Plus le film est bon, plus j'ai la flemme en fait... Alors pour résumer mal : la magie si particulière du style Kurosawa, que je trouve sous forme de pépites isolées dans le trop cru Kaïro, et peut-être un peu trop diluée dans Tokyo Sonata, constitue ici l'affaire de toutes les scènes, de tous les plans. C'est la matière de base. Peut-être parce que le genre au départ est plus clair (un film de serial-killer), et qu'il est plus simple d'en retourner les codes ; je ne sais pas...

L'horreur y devient pure poésie. Les éléments habituels (l'enquête dépressive, le tueur génial, la vie personnelle compliquée du héros, la parabole d'un Japon de solitude) s'agencent avec une grâce qui ne faillit peut-être que vers la toute fin, quand le film se retrouve un peu là où on l'attendait, alors que jusqu'ici il ne faisait que nous surprendre. Mais la plupart du temps il me donne une impression qui m'a déjà frappé chez Tarkovski par exemple (ou Miyazaki d'ailleurs, mais ca fera moins sérieux :D ) : le sentiment que ces réalisateurs se sont fait une idée précise, intime, de ce qu'ils considèrent comme étant "cinématographique", et que l'enjeu est d'incarner cet idéal sans interruption, de ne jamais relâcher l'étreinte en revenant à des scènes fonctionnelles s'activant au simple "traitement" d'un récit. Comme une note que le film chercherait sans cesse à atteindre et à conserver chantée... Et tout comme Miyazaki construit ses films directement par la mise en scène, sans scénario, j'ai le sentiment que rien dans l'horreur telle que la conçoit Kurosawa ne peut exister si elle n'a pas ce caractère "magique" des éléments entièrement issus d'une pensée cinématographique (si elle n'est pas uniquement définissable par un mouvement, un trouble de la lumière, une façon d'être cadré).

Je me retrouve encore une fois à pas parler du film lui-même, mais plus je vois de films actuels réussis, plus j'ai l'impression que quelque chose s'est bâti depuis les années 70, qui part du cinéma de Tarkovski, qui n'est ni du cinéma classique ni du cinéma moderne, mais une esthétique liée à la transcendance. Quelque chose de l'ordre de la calligraphie de mouvement et de temps, qui prend accroche sur les jeux de lumière ou d'éléments. Bref, il faudrait être hyper rigoureux et bosser pour pouvoir avancer quelconque idée sérieuse sur la question, mais je retrouve en tout cas cette "tendance" ici dans cette façon de transformer la pulsion de meurtre en haïku, pulsion qu'on passe comme on transmet la grâce : pas de raisons aux crime, c'est bien là tout le problème des enquêteurs dans le film. L'horreur se transmet comme un sortilège, un chaos ravissant.
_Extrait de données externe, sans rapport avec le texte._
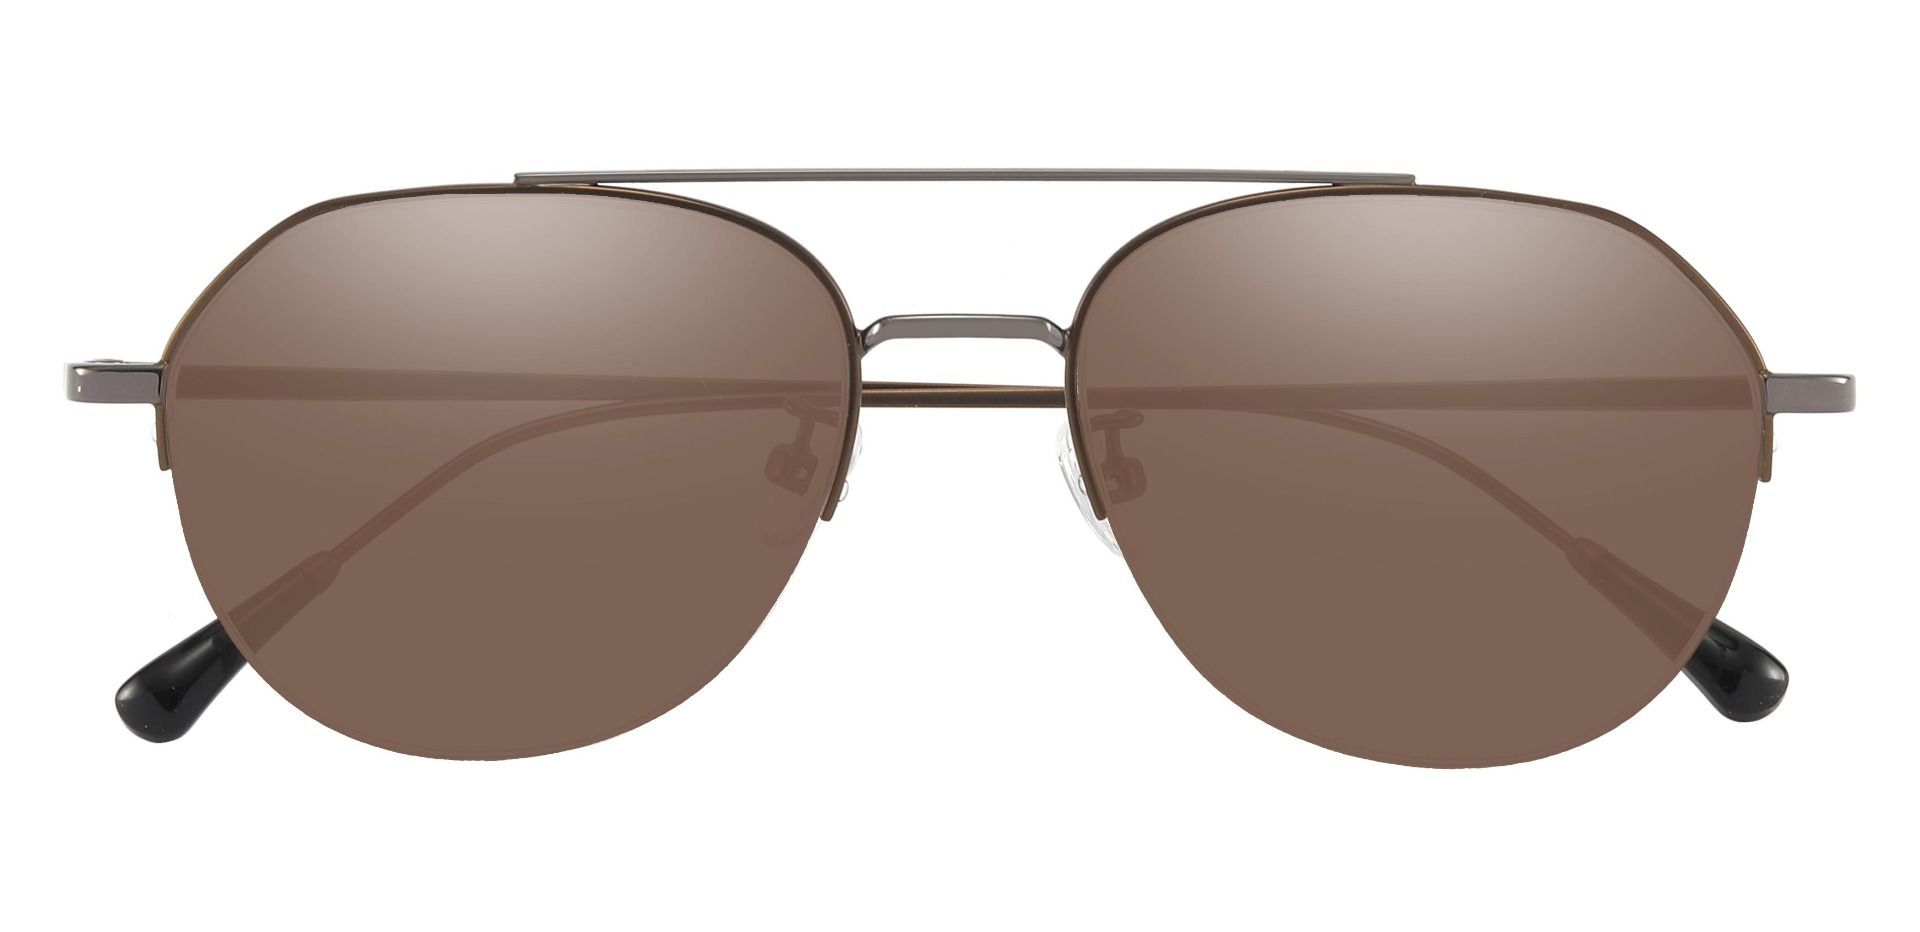 Waldorf Aviator Lined Bifocal Sunglasses - Brown Frame With Brown Lenses

Malgré quelques défauts qui me font tiquer (une fin qui ne tient pas toutes ses promesses, donc), je crois que je tiens là, d'assez loin, mon film d'horreur ET mon film policier préféré. Quoique Kurosawa imprime tellement sa marque sur la façon dont le récit avance que je ne sais pas si le genre (qui pour le coup ici est à milles lieues du bidouillage référentiel néoclassique) veut encore dire grand chose dans cette configuration.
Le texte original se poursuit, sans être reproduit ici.